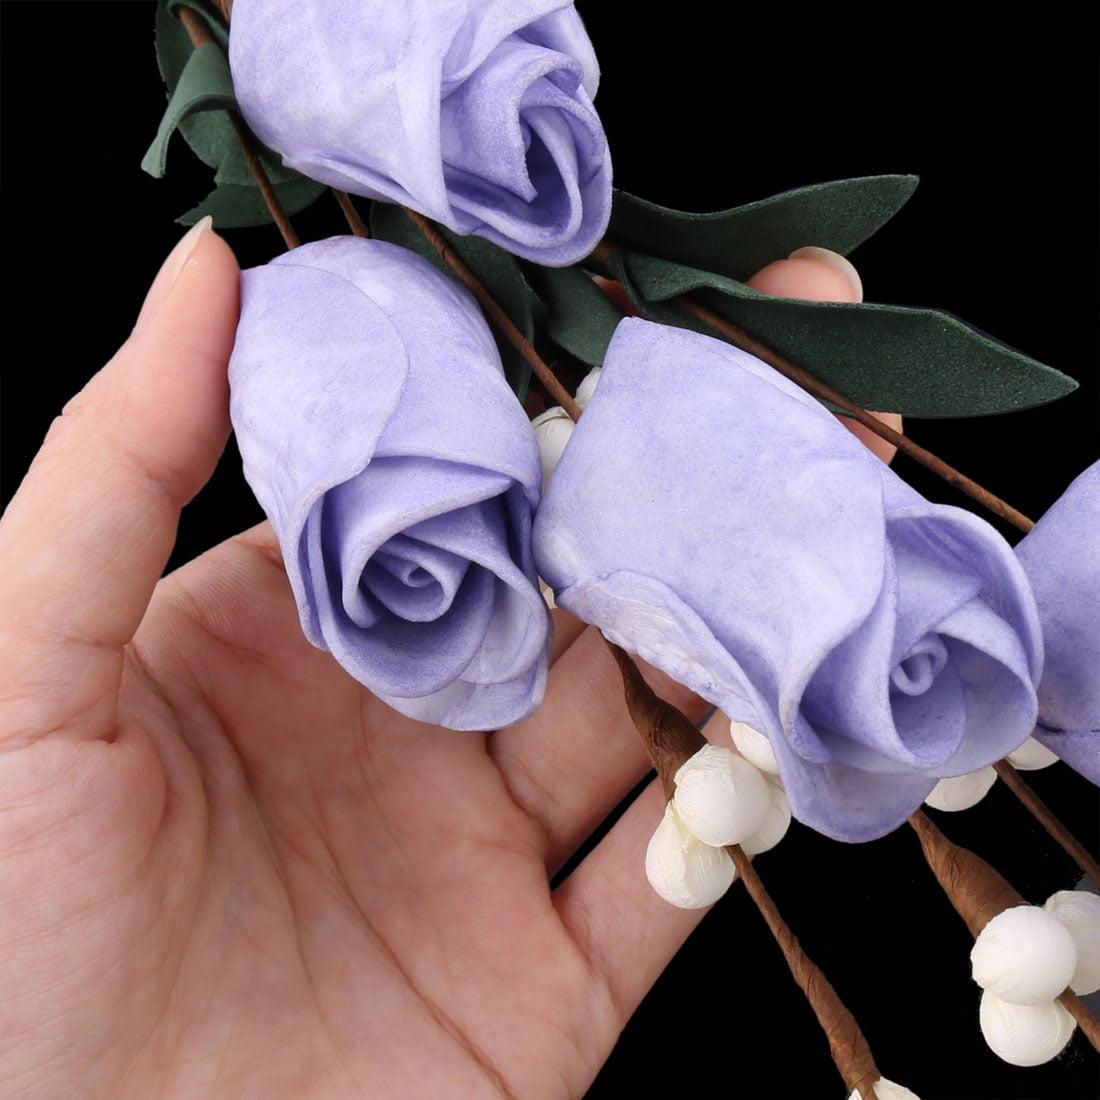 Living Room Garden Foam Tulip Shaped Table Decor Artificial Flower Purple 2 Pcs - image 3 of 4
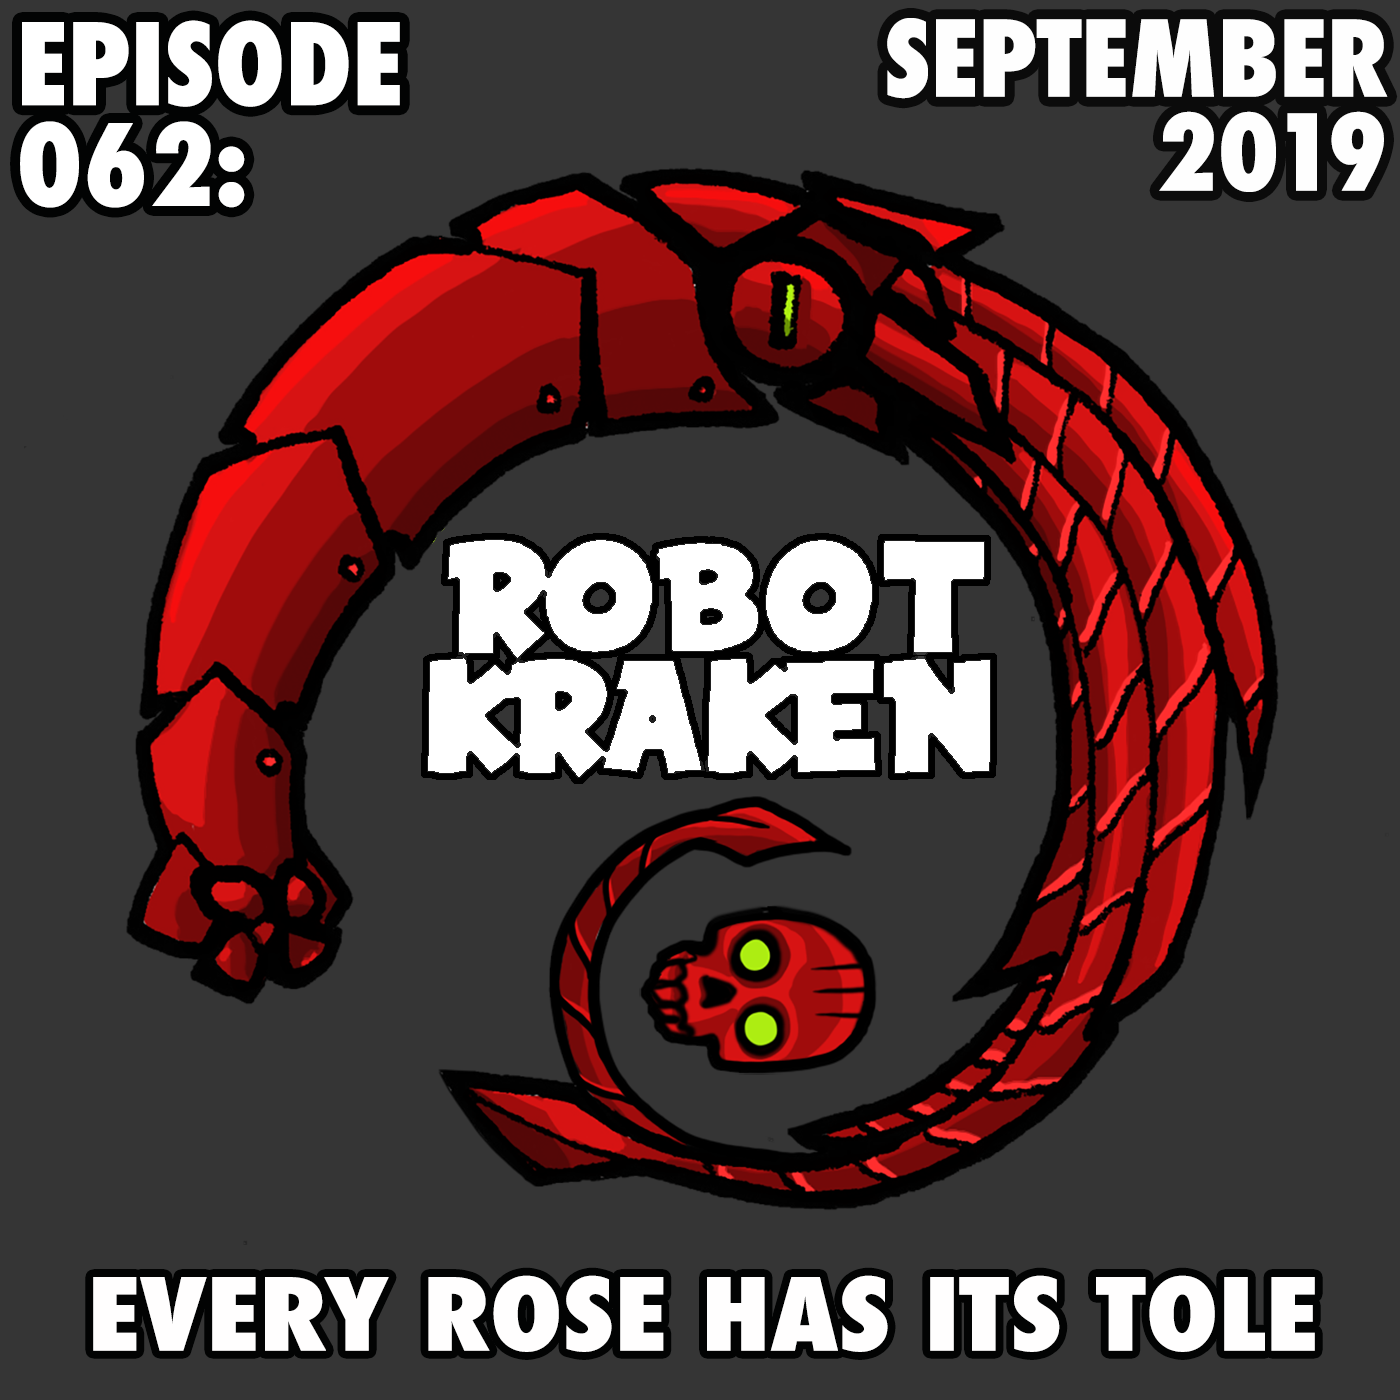 Robot-Kraken-062-Cover.png
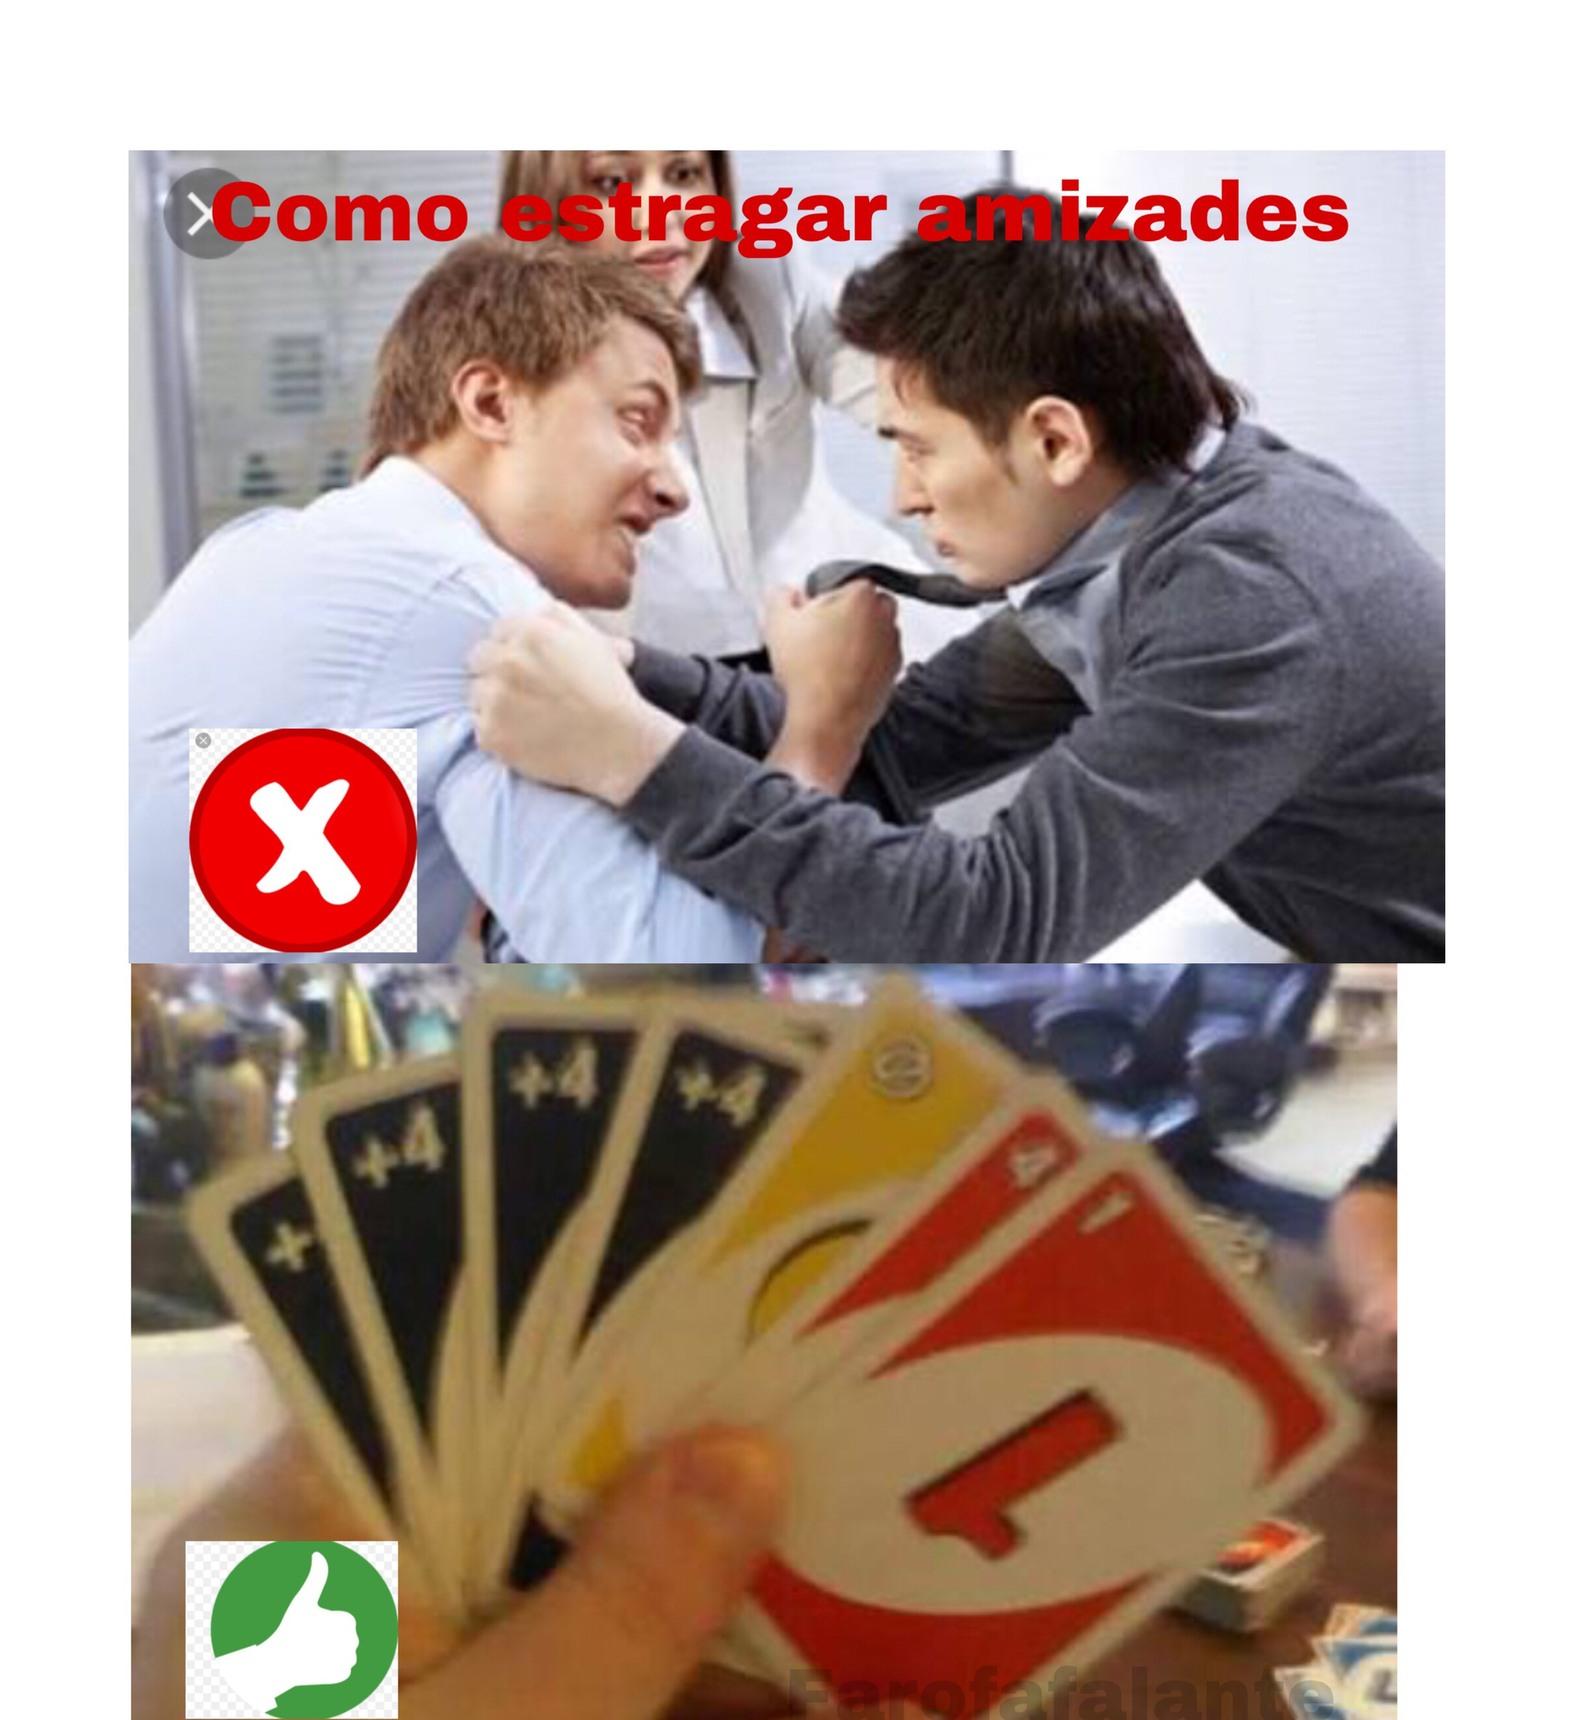 INFELIZMENTE - meme
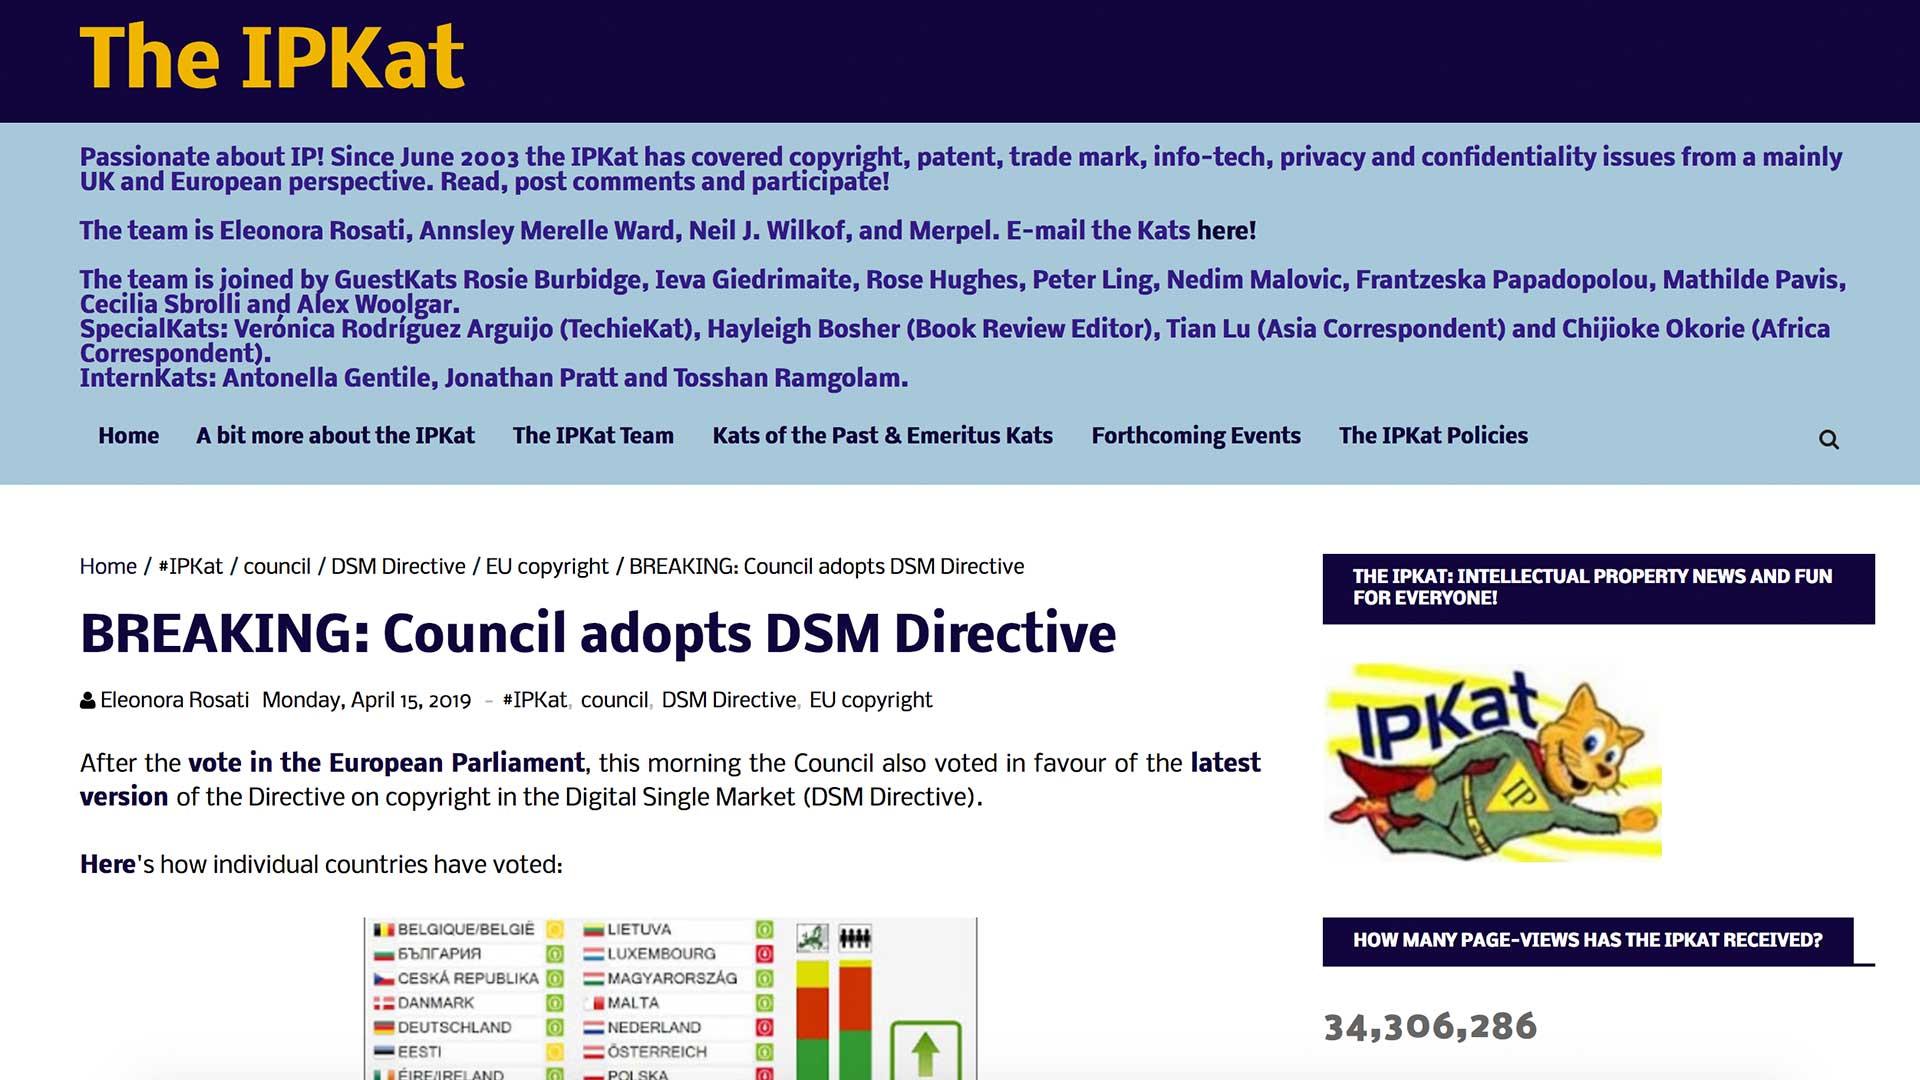 Fairness Rocks News BREAKING: Council adopts DSM Directive
········
Task requirements -
Final stretch of the data: repeat exactly each line from the one containing "INFELIZMENTE - meme" through the last, and omit all pictures.

Written answer -
 INFELIZMENTE - meme
 Fairness Rocks News BREAKING: Council adopts DSM Directive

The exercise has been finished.